_Exercise instructions_
Set down without change every line from the line that contains "Bhabinkamtibmas Polsek Kampung" through the end of the listing, and only those lines. No pictures.

_Source material_
:::::

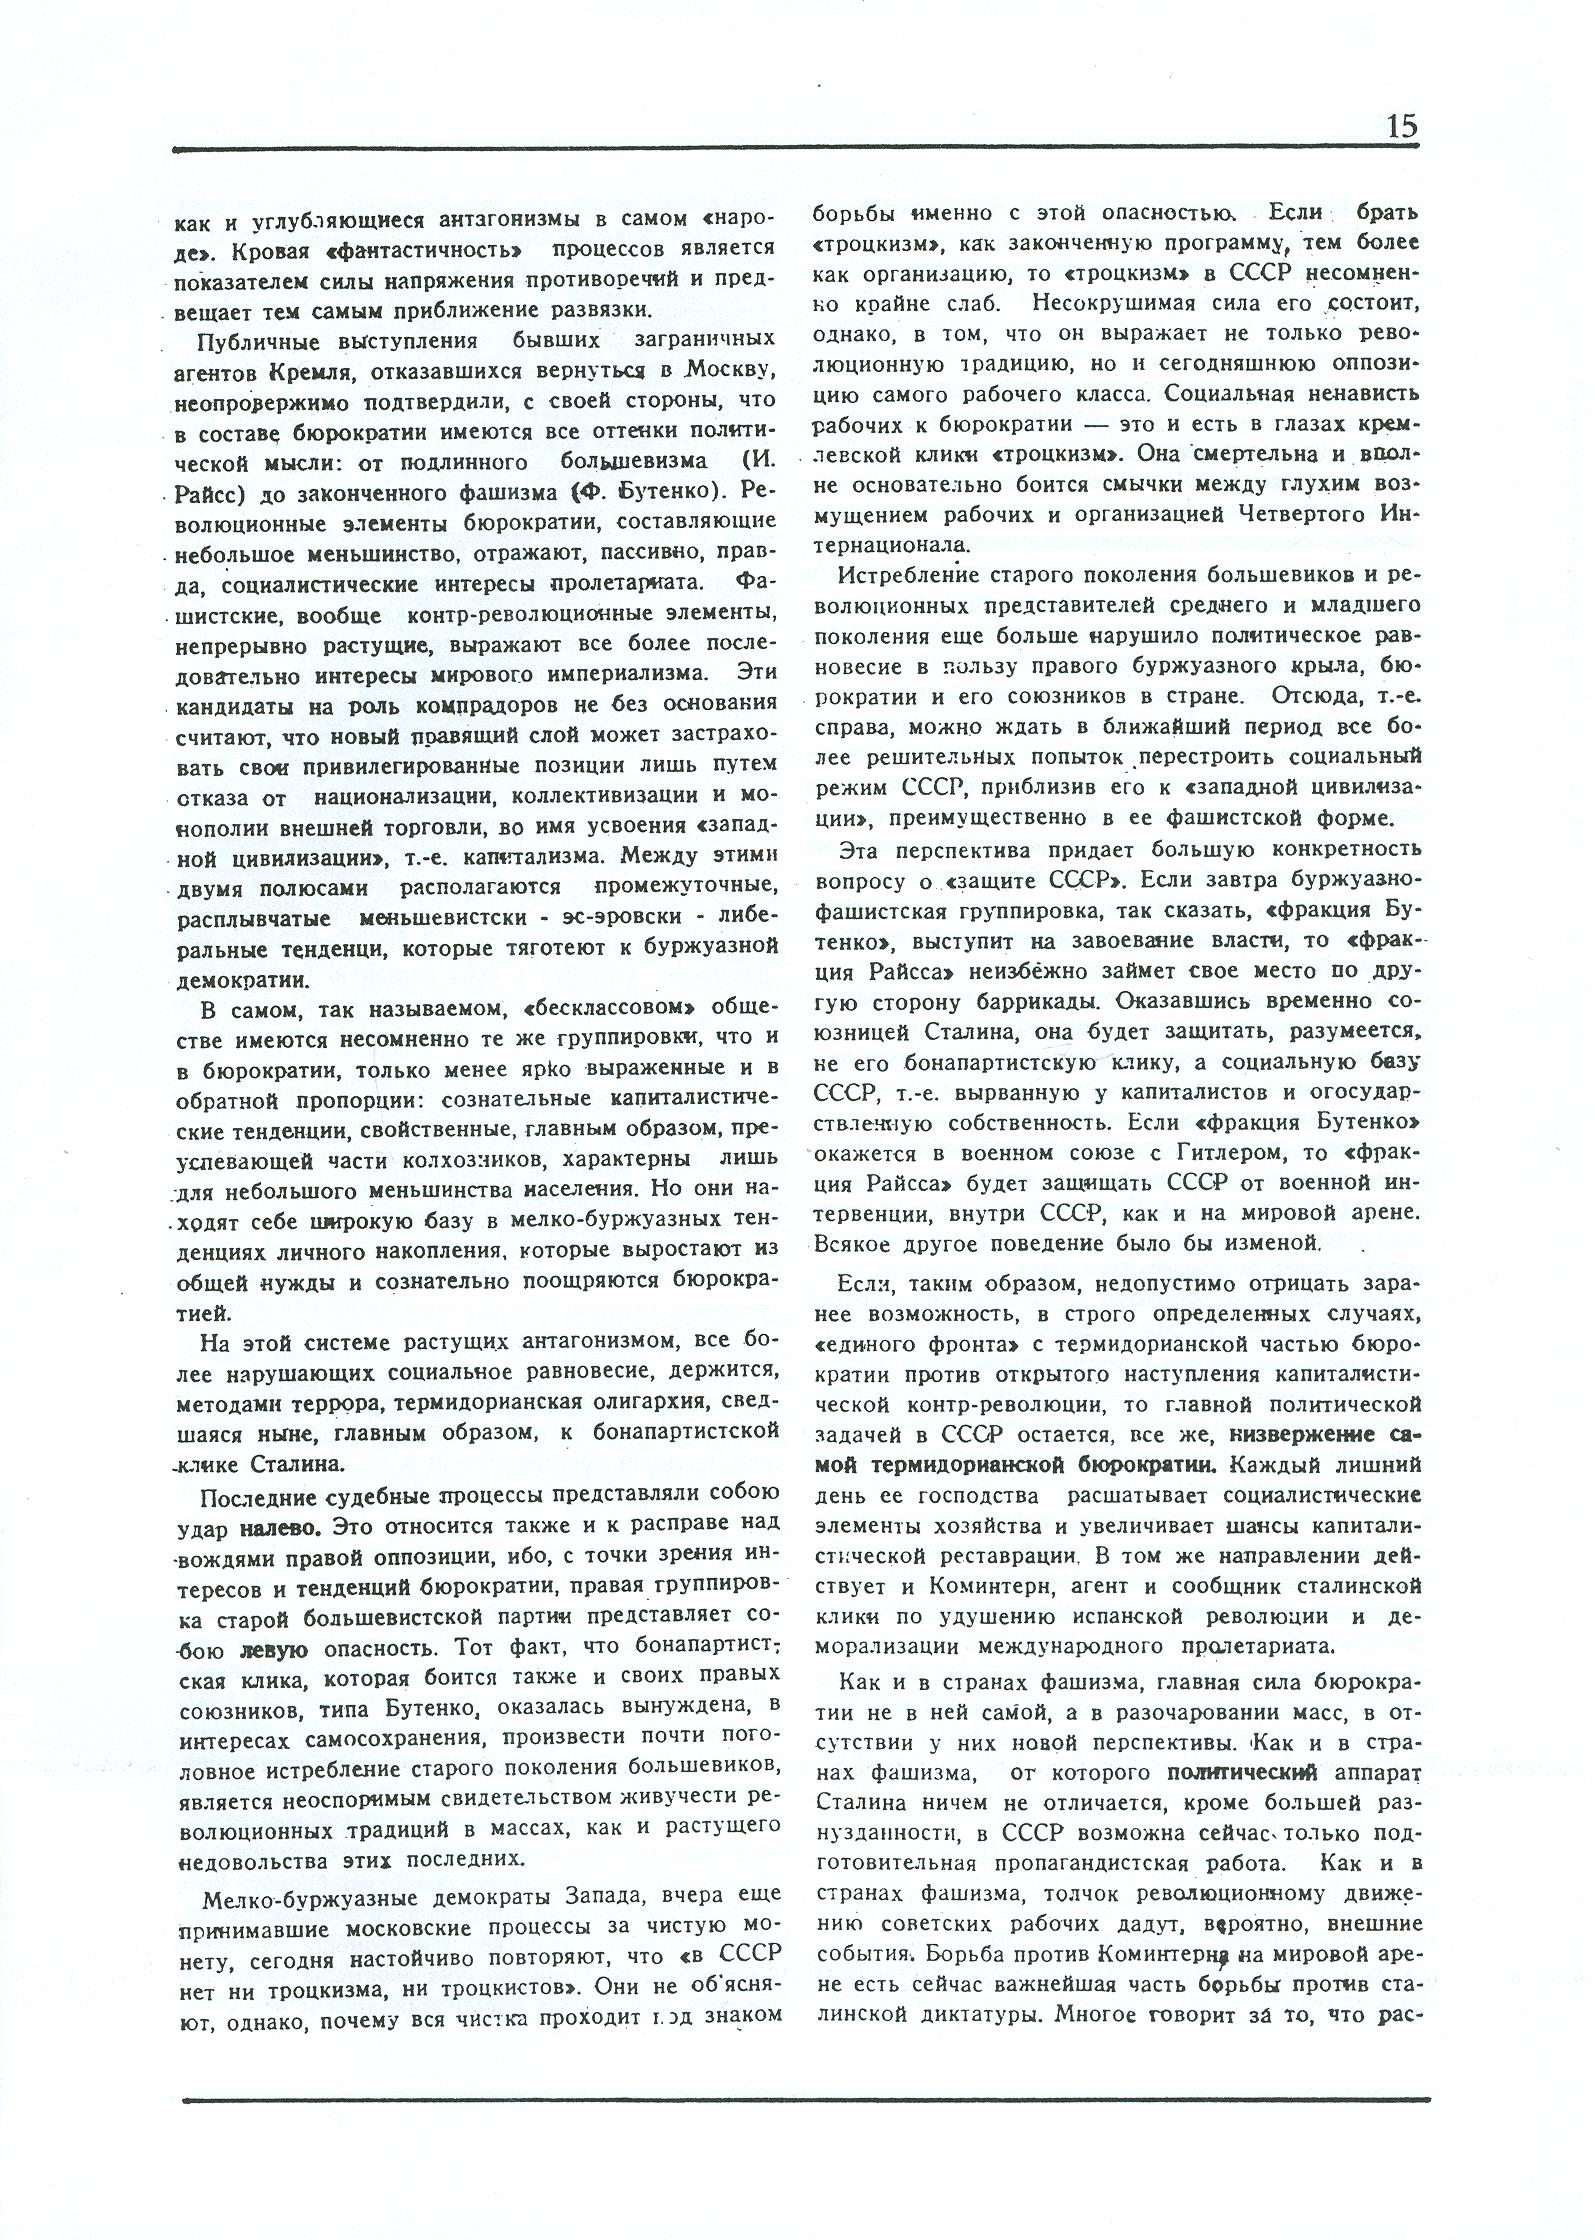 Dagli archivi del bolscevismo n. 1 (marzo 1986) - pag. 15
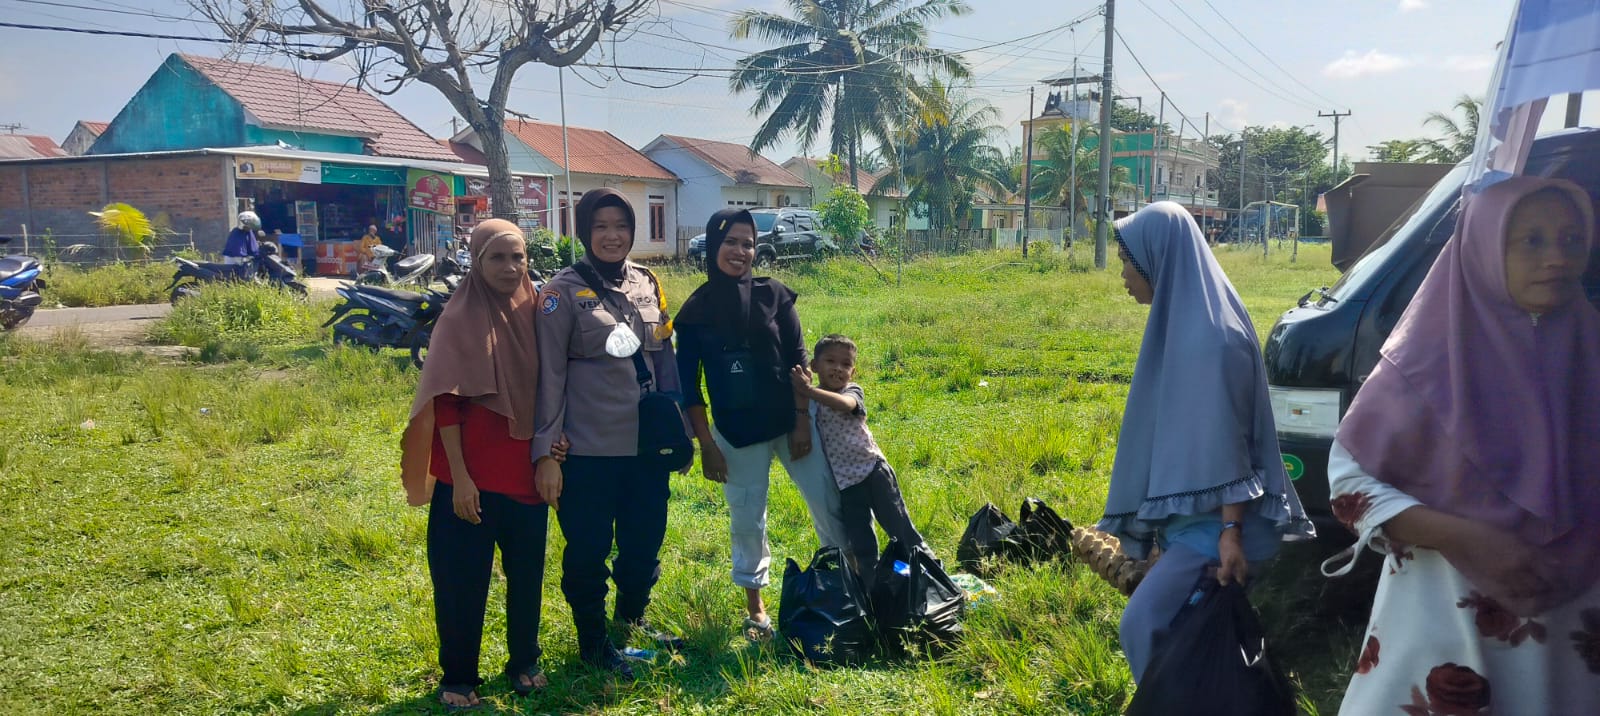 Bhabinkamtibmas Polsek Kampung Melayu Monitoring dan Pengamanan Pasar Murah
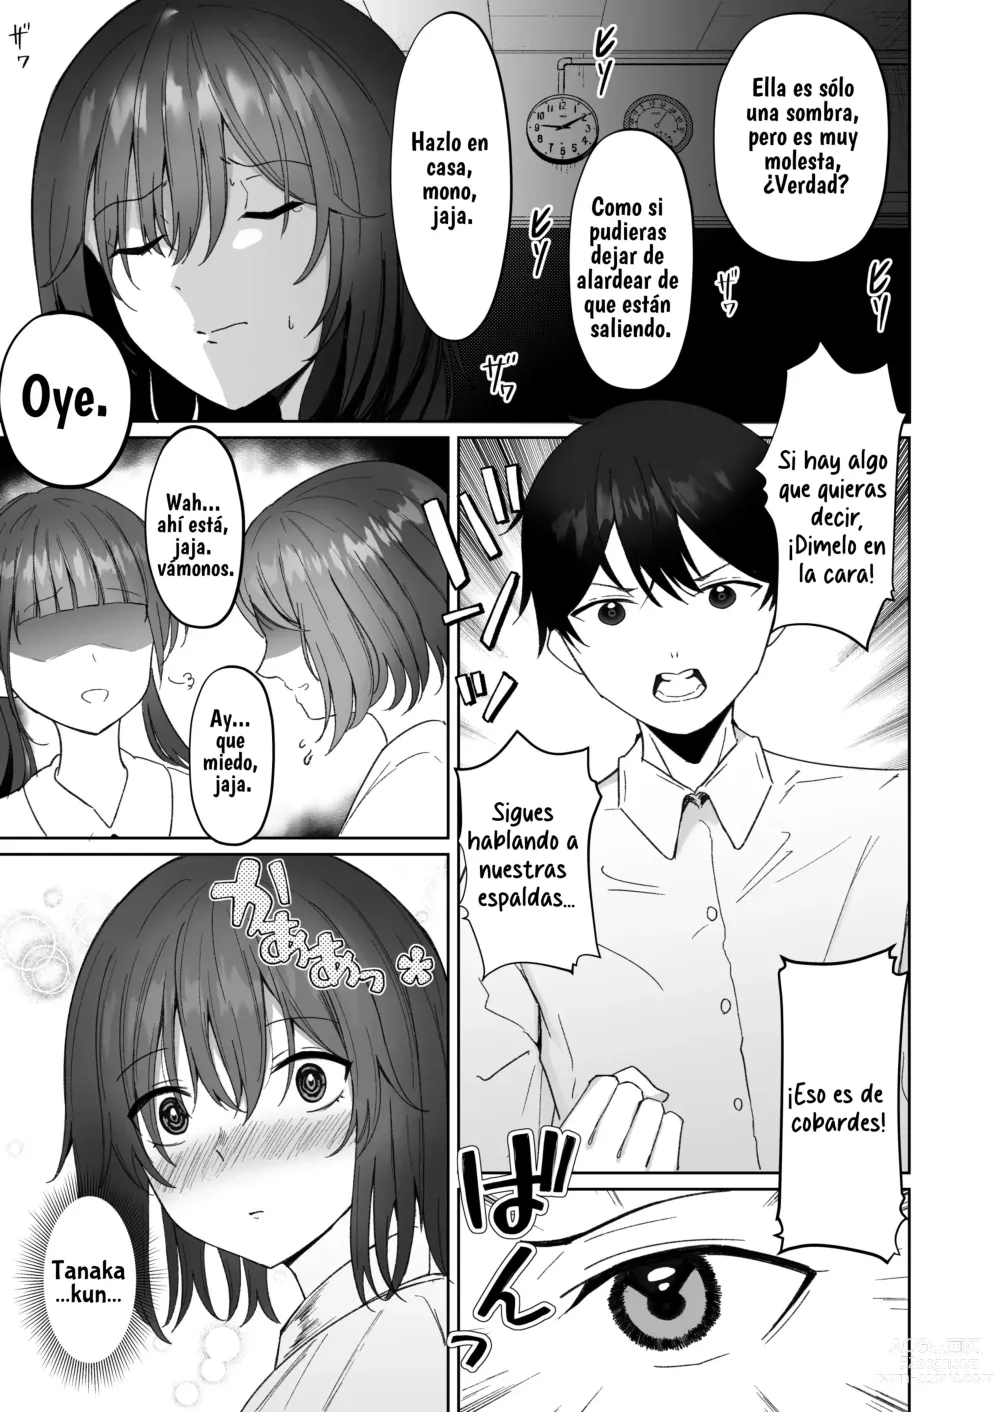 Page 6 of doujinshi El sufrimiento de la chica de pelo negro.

:::::

_Answer_
 Bhabinkamtibmas Polsek Kampung Melayu Monitoring dan Pengamanan Pasar Murah
 Page 6 of doujinshi El sufrimiento de la chica de pelo negro.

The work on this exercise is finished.